Allah berfirman, "Tidakkah kamu mengetahui bahwa hamba-Ku si fulan sedang sakit,
tetapi kamu tidak menjenguknya. Kalau sekiranya kamu mau menjenguk, tentu kamu
akan mendapati-Ku di dekatnya. Wahai anak Adam! Aku meminta makan kepadamu,
namun mengapa kamu tidak memberi-Ku makan?" Ia berkata: "Ya Rabbi,
bagaimana aku memberi-Mu makan, padahal Engkau Tuhan semesta alam?" Allah
berfirman, "Tidakkah kamu mengetahui bahwa hamba-Ku si fulan meminta makan
kepadamu, tetapi kamu tidak memberinya.
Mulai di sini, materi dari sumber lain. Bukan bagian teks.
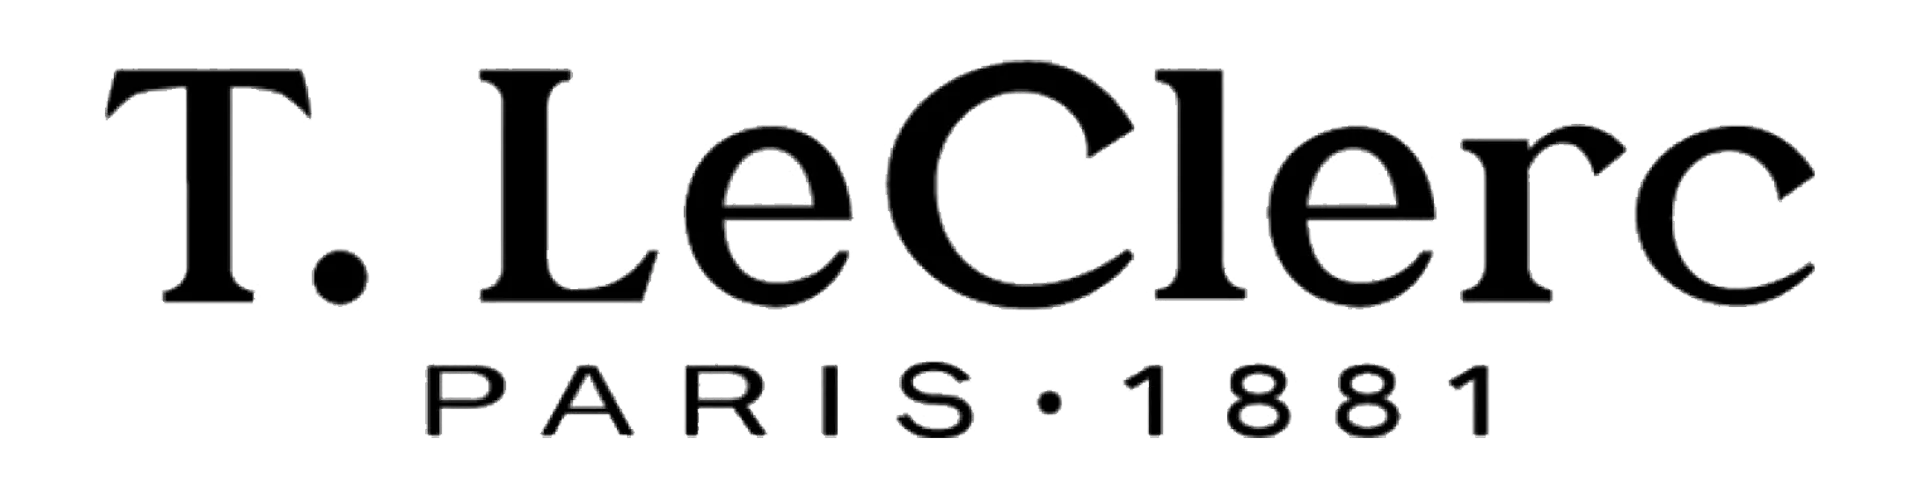 LECLERC CAMERA logo de circulaires

Kalau sekiranya kamu mau memberi, tentu
kamu akan mendapatkan yang demikian di sisi-Ku. Wahai anak Adam! Aku meminta
minum kepadamu, namun mengapa kamu tidak memberi-Ku minum?" Ia berkata,
"Ya Rabbi, bagaimana aku memberi-Mu minum, padahal Engkau Tuhan semesta
alam?" Allah berfirman, "Hamba-Ku si fulan telah meminta minum
kepadamu, tetapi kamu tidak memberinya. Kalau sekiranya kamu mau memberinya
minum, tentu kamu akan mendapatkan yang demikian itu di sisi-Ku." (HR.
Muslim)
Marwan bin Musa
Maraji’: Tafsir Al 'Usyril Akhir, Shahihul Jami' (Syaikh Al Albani), Shahih
Bukhari, Shahih Muslim, Sunan Tirmidzi, Doa dan Wirid (Ust. Yazid bin A.Q Jawas),
Fawaa'idul maradh (Abdurrahman bin Yahya), dll.